Let’s create a logistic regression model using ‘city’ and ‘airline’. This should give us an idea of if this difference is statistically significant.
counts = cbind(data3$delayed, data3$`on time`)
model = glm(counts ~ city + airline, data = data3, family=binomial(link="logit"))
summary(model)
##
## Call:
## glm(formula = counts ~ city + airline, family = binomial(link = "logit"),
## data = data3)
##
## Deviance Residuals:
## 1 2 3 4 5 6 7
## 1.17724 0.28349 -0.13773 -0.67617 -0.14750 -0.82155 -0.04766
## 8 9 10
## 0.07989 0.66657 0.35280
##
## Coefficients:
## Estimate Std. Error z value Pr(>|z|)
## (Intercept) -2.24338 0.09908 -22.642 < 2e-16 ***
## cityphoenix -0.75498 0.09798 -7.706 1.30e-14 ***
## citysan diego -0.08540 0.14152 -0.603 0.546
## citysan francisco 0.72060 0.11105 6.489 8.66e-11 ***
## cityseattle 0.45474 0.10850 4.191 2.78e-05 ***
## airlineam west 0.54440 0.08426 6.461 1.04e-10 ***
## ---
## Signif. codes: 0 '***' 0.001 '**' 0.01 '*' 0.05 '.' 0.1 ' ' 1
##
## (Dispersion parameter for binomial family taken to be 1)
##
## Null deviance: 253.4547 on 9 degrees of freedom
## Residual deviance: 3.2166 on 4 degrees of freedom
## AIC: 75.923
##
## Number of Fisher Scoring iterations: 3
As you can see, the dummy variable ‘airlineam west’ has a significant positive effect (P Value around 0.0000000001).
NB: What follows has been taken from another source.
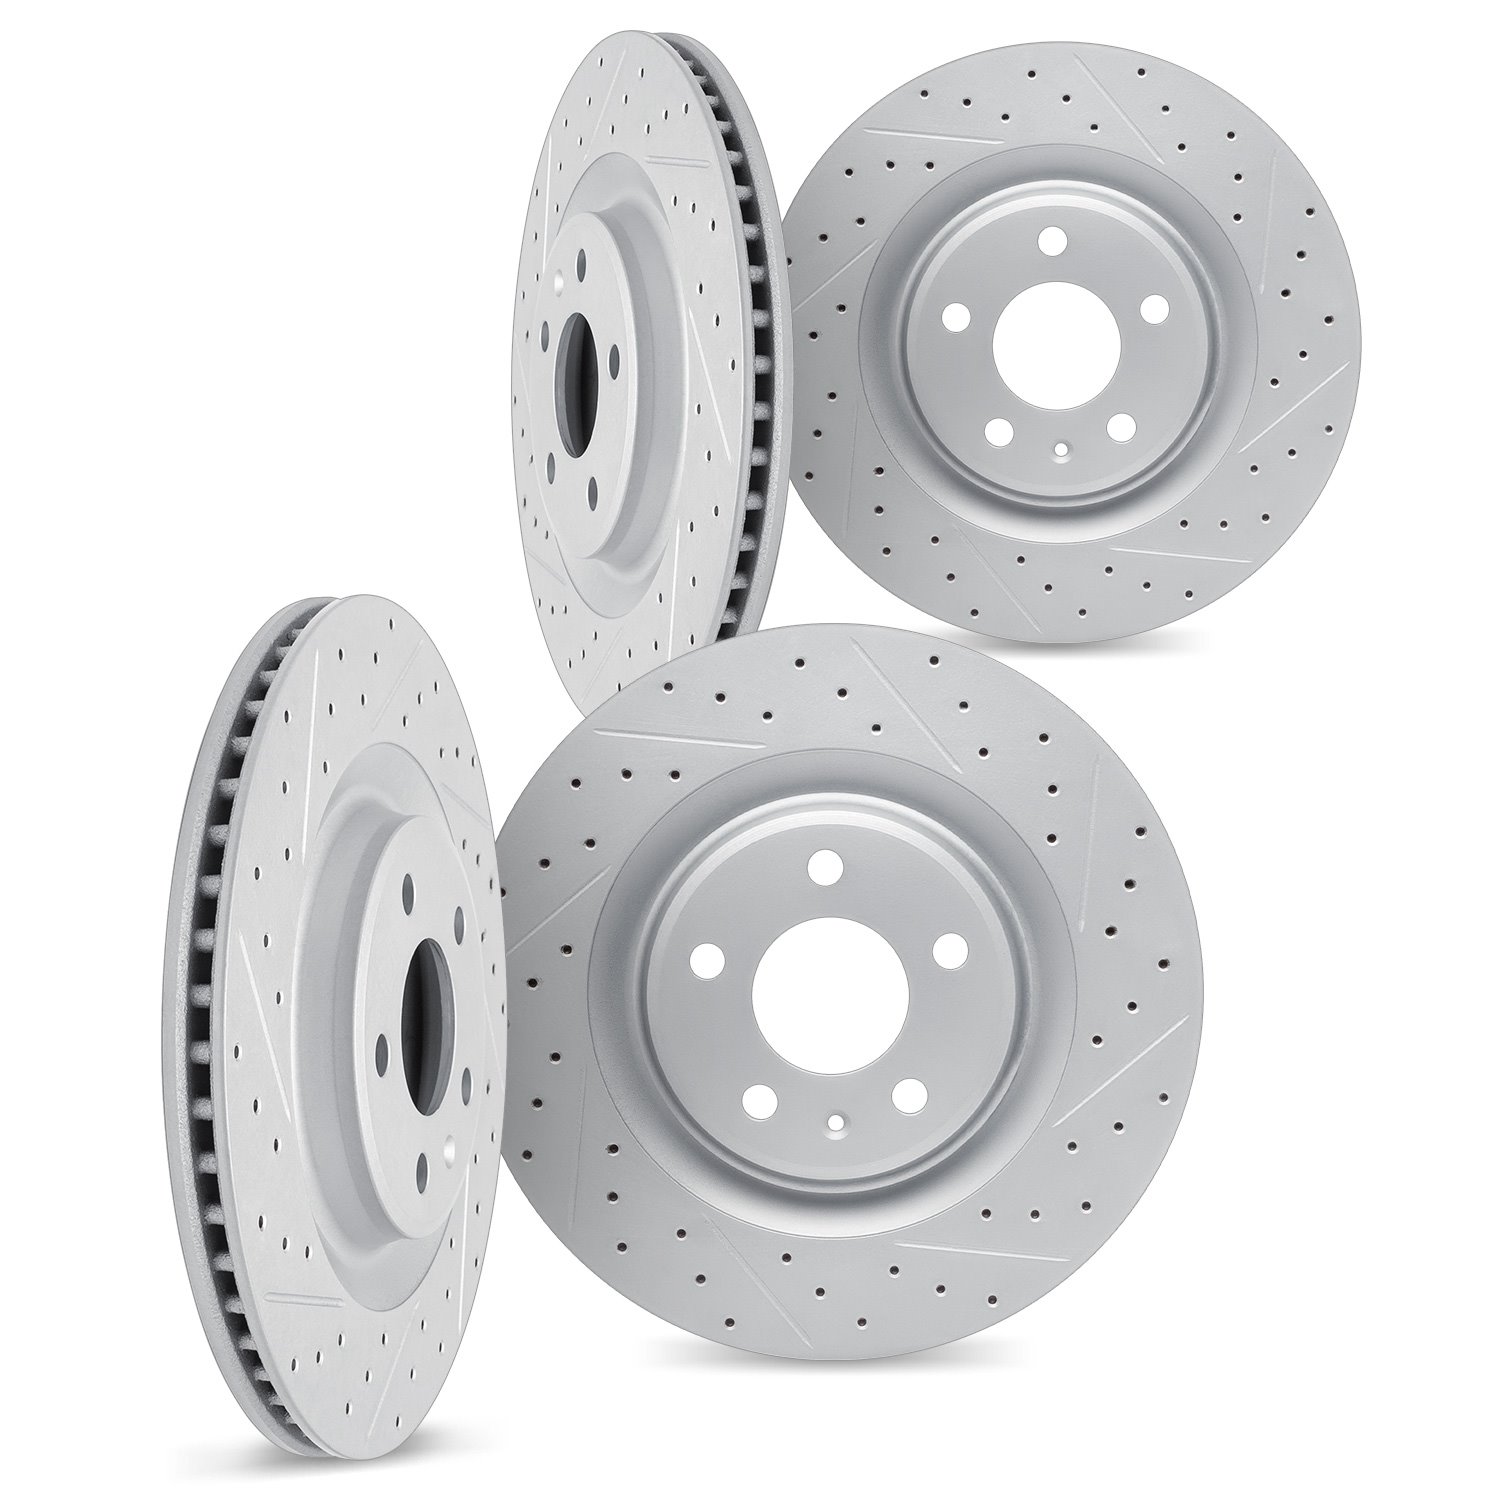 2004-46030 Geoperformance Dimpled & Slotted Brake Rotors, 2011-2017 GM, Position: Front and Rear

Positive in this case means higher rate of delays. Let’s pull in the predictions from this model, then summarize by city to see the effect that airline would have on your chances of a delay. I multiplied the predictions by 100 to make them easier to look at.
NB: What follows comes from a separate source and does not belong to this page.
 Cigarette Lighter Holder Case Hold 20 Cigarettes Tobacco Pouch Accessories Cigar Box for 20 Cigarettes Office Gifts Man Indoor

data3$prediction = round(predict(model,type = "response")*100,1)
data3
## airline city delayed on time delay_percent prediction
## 1 alaska los angeles 62 497 0.11091234 9.6
## 2 alaska phoenix 12 221 0.05150215 4.8
## 3 alaska san diego 20 212 0.08620690 8.9
## 4 alaska san francisco 102 503 0.16859504 17.9
## 5 alaska seattle 305 1841 0.14212488 14.3
## 6 am west los angeles 117 694 0.14426634 15.5
## 7 am west phoenix 415 4840 0.07897241 7.9
## 8 am west san diego 65 383 0.14508929 14.4
## 9 am west san francisco 129 320 0.28730512 27.3
## 10 am west seattle 61 201 0.23282443 22.4
data4 = select(data3, city, airline, prediction)
data4 = spread(data4,key = airline,value = 'prediction')
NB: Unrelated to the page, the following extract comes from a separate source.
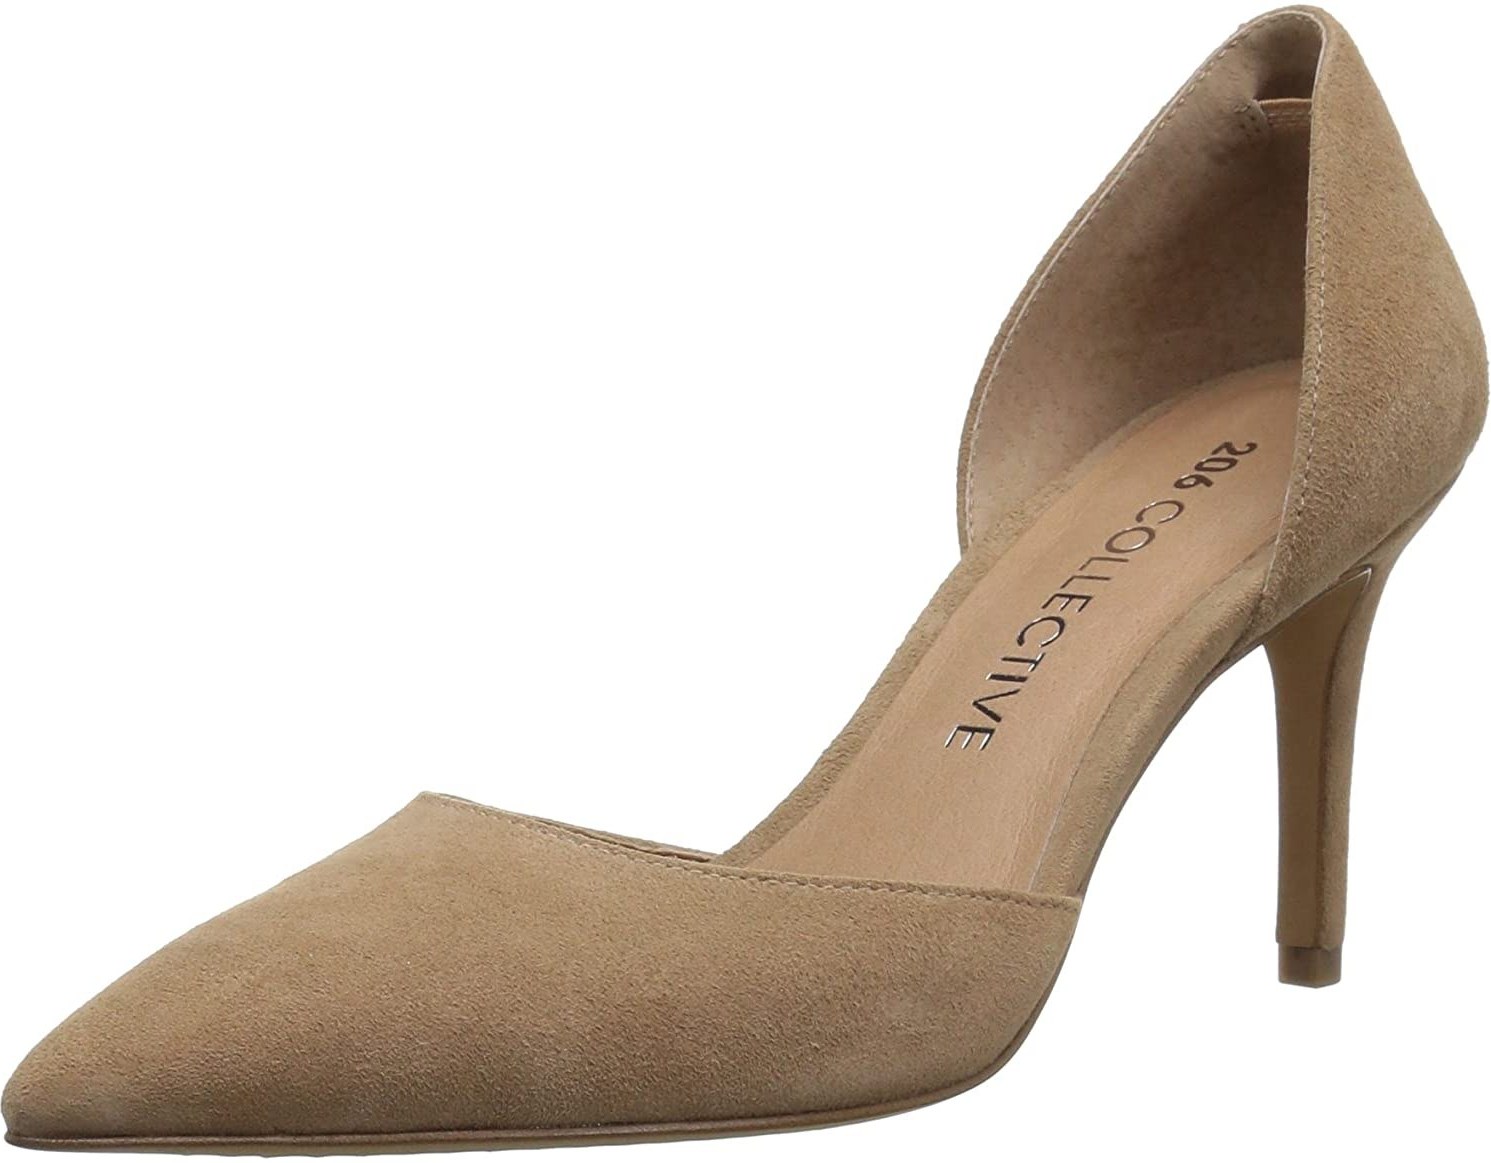 206 Collective Womens Adelaide D'Orsay Dress Pump Pump

data4$diff = data4$`am west`-data4$alaska
data4
## city alaska am west diff
## 1 los angeles 9.6 15.5 5.9
## 2 phoenix 4.8 7.9 3.1
## 3 san diego 8.9 14.4 5.5
## 4 san francisco 17.9 27.3 9.4
## 5 seattle 14.3 22.4 8.1
It depends on the city you’re in, but your expected delay rate is between 3-10% higher if you fly with AM West instead of Alaska.